#### SUPPLIED MATERIAL:
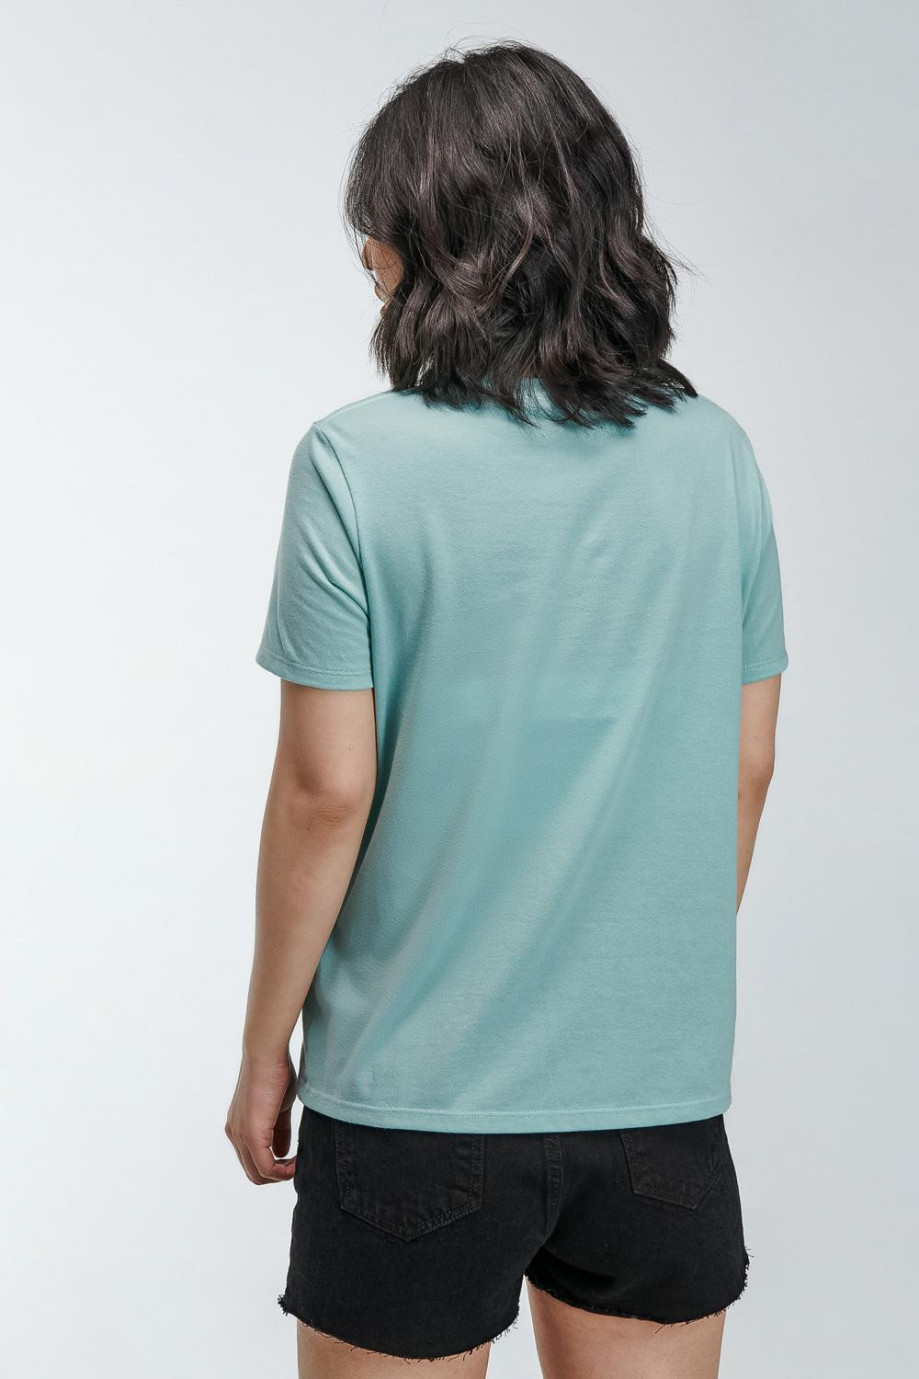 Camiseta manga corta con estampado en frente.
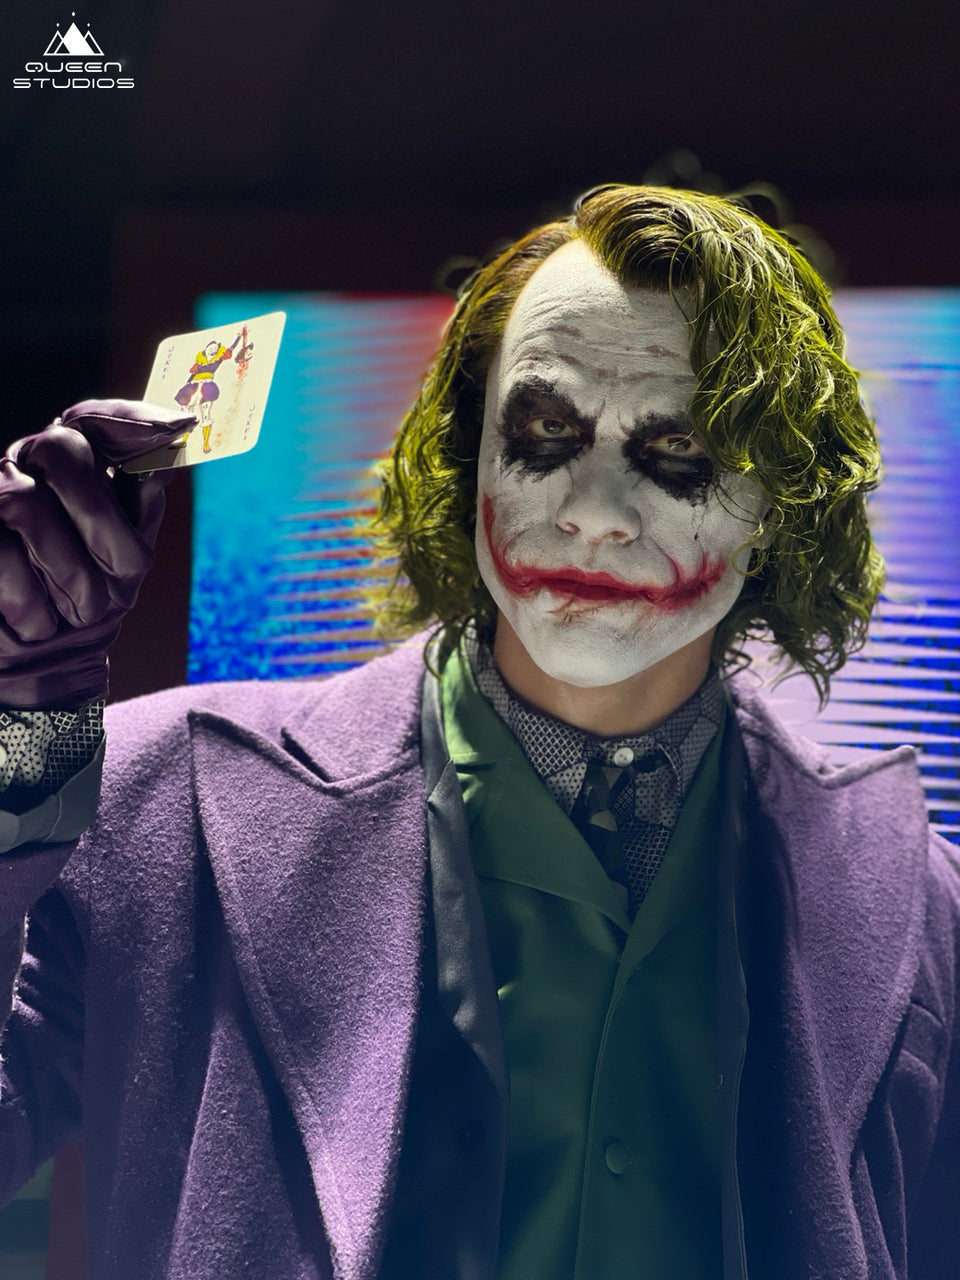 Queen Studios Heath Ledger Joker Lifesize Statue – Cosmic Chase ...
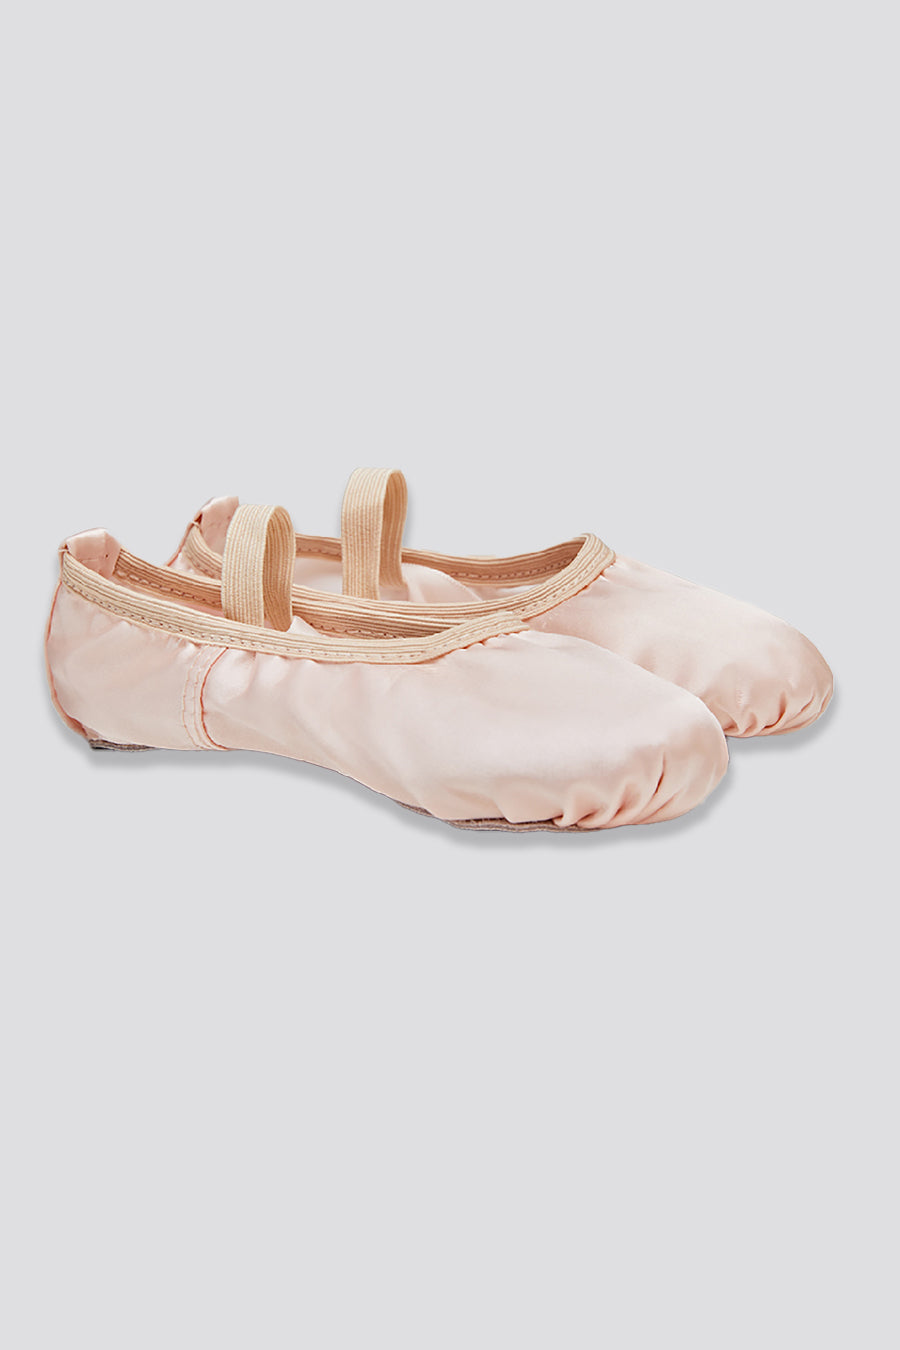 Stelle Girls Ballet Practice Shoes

#### EXERCISE INSTRUCTIONS:
Wherever an image sits in the data, omit it; everything else must be copied exactly.

#### RESPONSE AREA:
 Camiseta manga corta con estampado en frente.
 Queen Studios Heath Ledger Joker Lifesize Statue – Cosmic Chase ...
 Stelle Girls Ballet Practice Shoes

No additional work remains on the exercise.